Tomorrow the Cowboy is coming back from Rome and we all will be happy to see him, including Tyke. It feels like he has been gone for ages and I have missed him and his helping hands. Tyke will be thrilled because the Cowboy has become his real buddy and Tyke loves him as much as he loves me. 

It is now very quiet here after a very busy day of people coming and going. I did manage to take a one hour nap in the afternoon and find that I need more and more of them as I physically don't last as well as I used to. I am not that physically active now, but I do wear out quickly. I am also losing weight, but I have not been on the bathroom scale in a while. I will do that in the morning if I remember to. 
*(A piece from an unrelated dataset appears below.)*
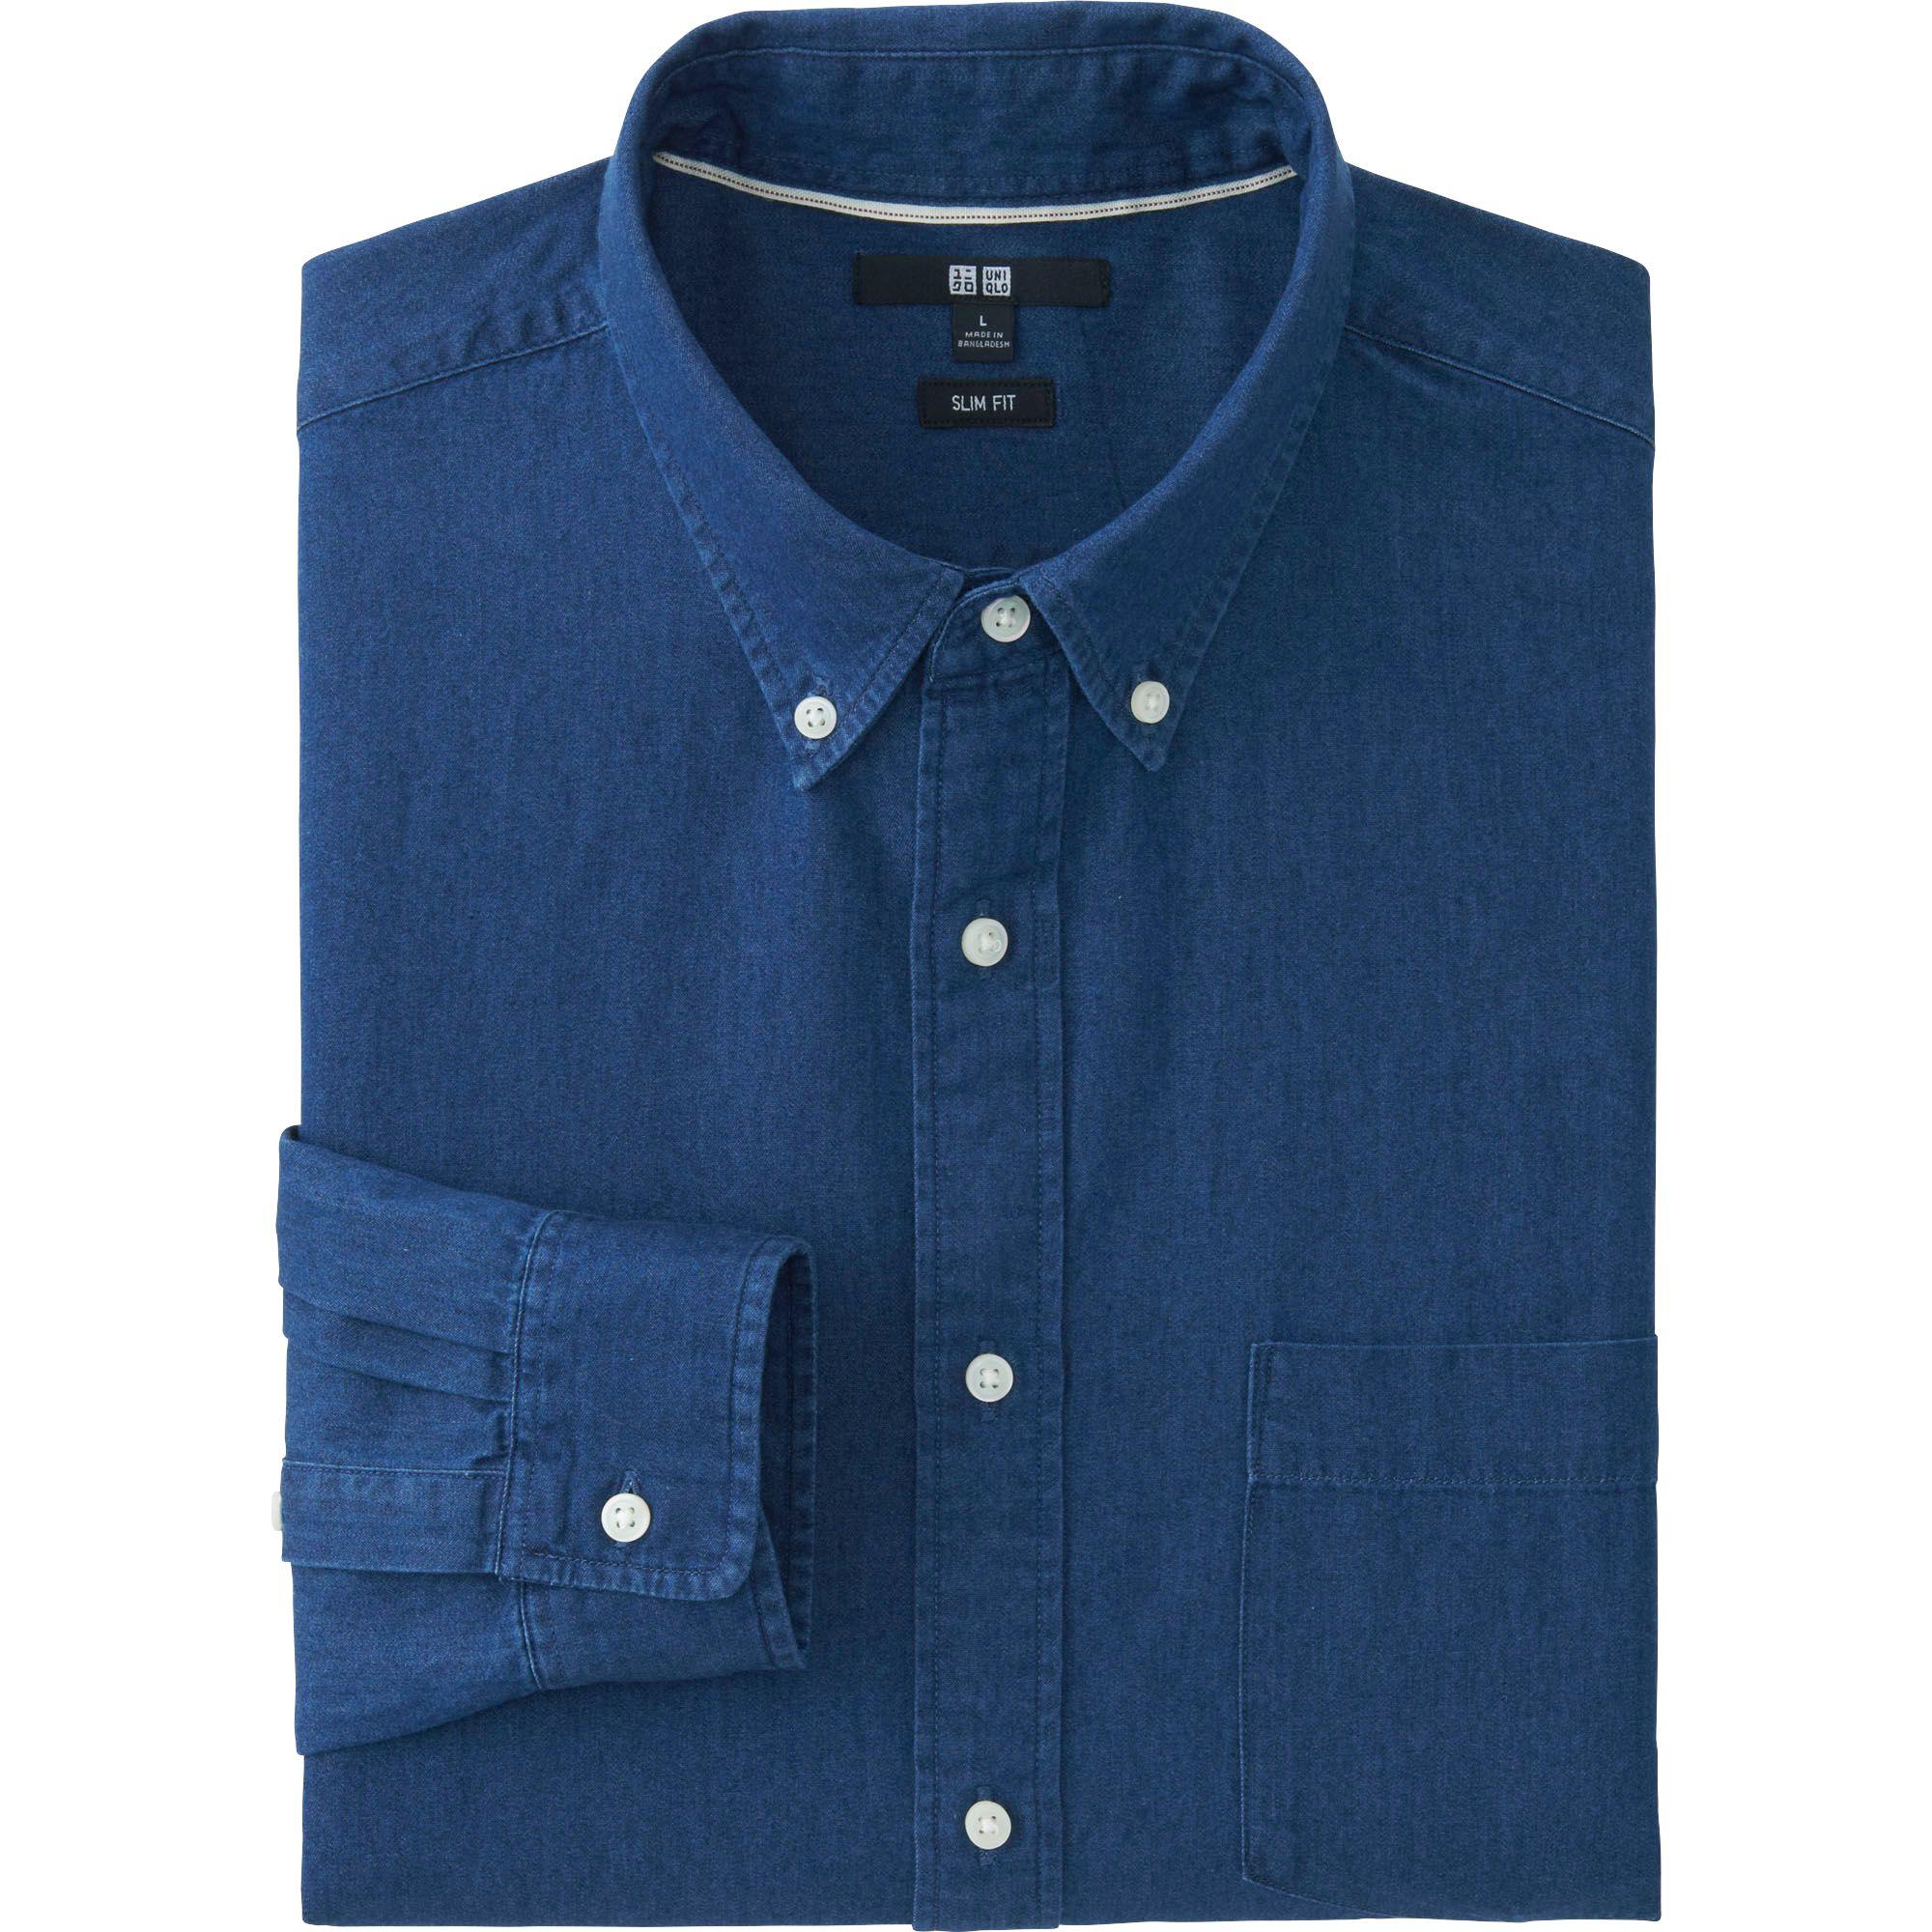 Uniqlo men 39 s slim fit denim shirt in blue for men lyst for Uniqlo t shirt sizing

I suppose you could call this another one of those happy moments that I regularly have and they usually happen when everyone is gone and I am on my own with the animals and all is peaceful and quiet. If I were religious, I guess you could say that I was with God and maybe I am with my higher being now and that is where the sense of tranquility comes from. Maybe I do know God after all. It is here.


The PET scan

The PET scan is being done this morning at 10:15. For three hours beforehand, I can't eat or drink anything so that is going to be a bit tough. I will miss having my morning cup of coffee and the tall glass of ice cold lemonade that I always drink. But it is a small price to pay for the sake of finding out where the primary tumor is located and in how many places there are metastases. The scan will take about two hours and I will be more than ready for a cup of coffee after that. 

My GP came to visit me yesterday and we had a good conversation about everything a person with cancer should talk about. I had no problem speaking openly to him about what my prognosis could possibly be because I have metastases and the sort of treatment I could possibly expect. We also talked about euthanasia, which I don't want, and palliative care, which he provides. He and his colleague will be closely involved in my future life with cancer and it is good that he knows all my wishes. He is an amiable man and I think our co-operation will be fine. 

My daughter called and we talked about the fact that the primary tumor could be found some place other than in my lungs because nothing showed up there in the CT scan and it is strange that it didn't. It only showed tumors in the lymph glands and around the windpipe. Well, it is all speculation and the PET scan will tell the real story so I have to wait for the results of it. On Thursday I have an appointment with the lung specialist at the oncology center of the hospital. 

Although the pain medication works for the most part, I do have some pain now, but I don't care because it makes me feel alive. I would rather not be in a near coma from the medication. I prefer to feel some pain as long as it is not overwhelming. That makes sense, doesn't it?